Женщина с любопытством и почему-то весело посмотрела на него.
– Здесь. Вы к нему?
– К нему… Мне надо тут по одному делу. – Иван прямо смотрел на женщину и думал: «Тоже небось кому-нибудь рога надстроила – веселая».
Женщина вошла в кабинет редактора, вышла и сказала:
– Пройдите, пожалуйста.
Редактор – тоже веселый, низенький… Несколько больше, чем нужно бы при его росте, полненький, кругленький, тоже лысый. Встал навстречу из-за стола.
– А?! – воскликнул он и показал на окно. – На нас, на нас времечко-то работает! Не пробовали еще переметами?..
– Нет, – Иван всем видом своим хотел показать, что ему не до переметов сейчас.
– Я в субботу хочу попробовать. – Редактора все не покидало веселое настроение. – Или не советуете? Просто терпения нет…
– Я раскас принес, – сказал Иван.
– Рассказ? – удивился редактор. – Ваш рассказ? О чем?
– Я туг все описал. – Иван подал тетрадку.
Редактор полистал ее… Посмотрел на Ивана. Тот серьезно и мрачно смотрел на него.
– Хотите, чтоб я сейчас прочитал?
– Лучше бы сейчас…
Редактор сел в кресло и стал читать. Иван остался стоять и все смотрел на веселого редактора и думал: «Наверно, у него жена тоже на репетиции ходит. А ему хоть бы что – пусть ходит! Он сам сумеет про эти всякие «декорации» поговорить. Он про все сумеет».
Редактор захохотал.
Иван стиснул зубы.
– Ах, славно! – воскликнул редактор. И опять захохотал так, что заколыхался его упругий животик.
– Чего славно? – спросил Иван.
Редактор перестал смеяться… Несколько даже смутился.
– Простите… Это вы о себе? Это ваша история?
– Моя.
– Кхм… Извините, я не понял.
– Ничего. Читайте дальше.
Редактор опять уткнулся в тетрадку. Он больше не смеялся, но видно было, что он изумлен и ему все-таки смешно.
И чтоб скрыть это, он хмурил брови и понимающе делал губы трубочкой. Он дочитал.
– Вы хотите, чтоб мы это напечатали?
– Ну да.
– Но это нельзя печатать. Это не рассказ…

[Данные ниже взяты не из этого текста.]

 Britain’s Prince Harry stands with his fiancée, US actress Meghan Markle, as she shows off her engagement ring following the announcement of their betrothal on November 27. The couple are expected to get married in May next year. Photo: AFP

– Почему? Я читал, так пишут.
– А зачем вам нужно это печатать? – Редактор действительно смотрел на Ивана сочувственно и серьезно. – Что это даст? Облегчит ваше… горе?
Иван ответил не сразу.
– Пускай они прочитают… там.
– А где они?
– Пока не знаю.
– Так она просто не дойдет до них, газетка-то наша!
– Я найду их… И пошлю.
– Да нет, даже не в этом дело! – Редактор встал и прошелся по кабинету. – Не в этом дело. Что это даст? Что, она опомнится и вернется к вам?
– Им совестно станет.
– Да нет! – воскликнул редактор. – Господи… Не знаю, как вам… Я вам сочувствую, но ведь это глупость, что мы сделаем! Даже если я отредактирую это.
– Может, она вернется.
– Нет! – громко сказал редактор. – Ах ты, господи!.. – Он явно волновался. – Лучше напишите письмо. Давайте вместе напишем?
Иван взял тетрадку и пошел из редакции.
– Подождите! – воскликнул редактор. – Ну давайте вместе – от третьего лица…
Иван прошел приемную редакции, даже не глянув на женщину, которая много знала о «декорациях», «репетициях»…
Он направился прямиком в чайную. Там взял «полкило» водки, выпил сразу, не закусывая, и пошел домой – в мрак и пустоту. Шел, засунув руки в карманы, не глядел по сторонам. Все как-то не наступало желанное равновесие в душе его. Он шел и молча плакал. Встречные люди удивленно смотрели на него… А он шел и плакал. И ему было не стыдно. Он устал.